Ida put her hand into one of her jacket-pockets, then into the other, and from the second brought out the object in question. It was of gold, and had been given by Julian to his wife just after their marriage. As she laid it before her on the desk, she seemed about to speak, but her breath failed, and she clutched with her hands at the nearest support.
"Look out," exclaimed the inspector. "Don't let her fall."
Five or six times, throughout the day and evening, Waymark had knocked at Ida's door. About seven o'clock he had called at the Castis', but found neither of them at home. Returning thence to Fulham, he had walked for hours up and down, in vain expectation of Ida's coming. There was no light at her window.
Just before midnight he reached home, having on his way posted a letter with money in it. As he reached his door, Julian stood there, about to knock.
"Anything amiss?" Waymark asked, examining his friend by the light of the street-lamp.

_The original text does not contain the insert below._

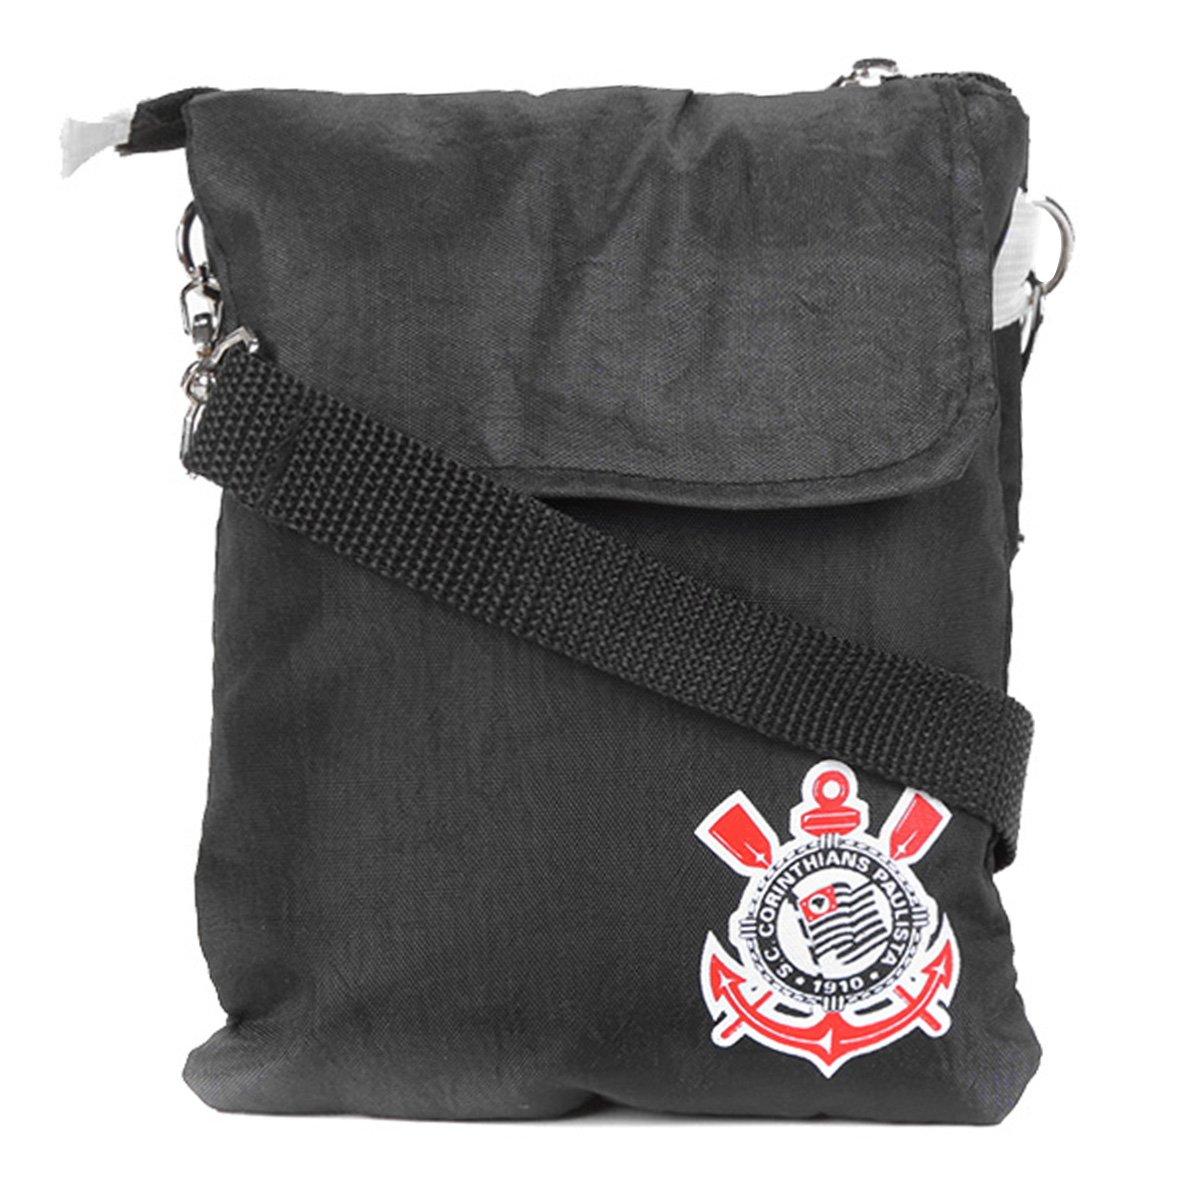 Shoulder Bag Corinthians

Julian only made a sign to him to open the door. They went upstairs together, and Waymark speedily obtained a light. Julian had seated himself on the couch. His face was ghastly.
"What's the matter?" Waymark asked anxiously. "Do you know anything about Ida?"
"She's locked up in the police cells," was the reply. "My wife has accused her of stealing things from our rooms."
Waymark stared at him.
"Cacti, what's the matter with you?" he exclaimed, overcome with fear, in spite of his strong self-command. "Are you ill? Do you know what you're saying?"
Julian rose and made an effort to control himself.
"I know what I'm saying, Waymark I've only just heard it. She has come back home from somewhere--only just now--she seems to have been drinking. It happened in the middle of the day, whilst I was at the hospital. She gave her in charge to a policeman in the street, and a brooch was found on her."
"A brooch found on her? Your wife's?"
"Yes. When she came in, she railed at me like a fury, and charged me with the most monstrous things. I can't and won't go back there to-night! I shall go mad if I hear her voice. I will walk about the streets till morning."
"And you tell me that Ida Starr is in custody?"
"She is. My wife accuses her of stealing several things."
"And you believe this?" asked Waymark, under his voice, whilst his thoughts pictured Ida's poverty, of which he had known nothing, and led him through a long train of miserable sequences.
"I don't know. I can't say. She says that Ida confessed, and, gave the brooch up at once. But her devilish malice is equal to anything. I see into her character as I never did before. Good God, if you could have seen her face as she told me! And Ida, Ida! I am afraid of myself, Waymark. If I had stayed to listen another moment, I should have struck her. It seemed as if every vein was bursting. How am I ever to live with her again? I dare not! I should kill her in some moment of madness! What will happen to Ida?"
He flung himself upon the couch, and burst into tears. Sobs convulsed him; he writhed in an anguish of conflicting passions. Waymark seemed scarcely to observe him, standing absorbed in speculation and the devising of a course to be pursued.
"I must go to the police-station," he said at length, when the violence of the paroxysm had passed and left Julian in the still exhaustion of despair. "You, I think, had better stay here. Is there any danger of her coming to seek you?"
Julian made a motion with his hand, otherwise lay still, his pale face turned upwards.
"I shall be back very quickly," Waymark added, taking his hat. Then, turning back for a moment, "You mustn't give way like this, old fellow; this is horrible weakness. Dare I leave you alone?"
Julian stretched out his hand, and Waymark pressed it.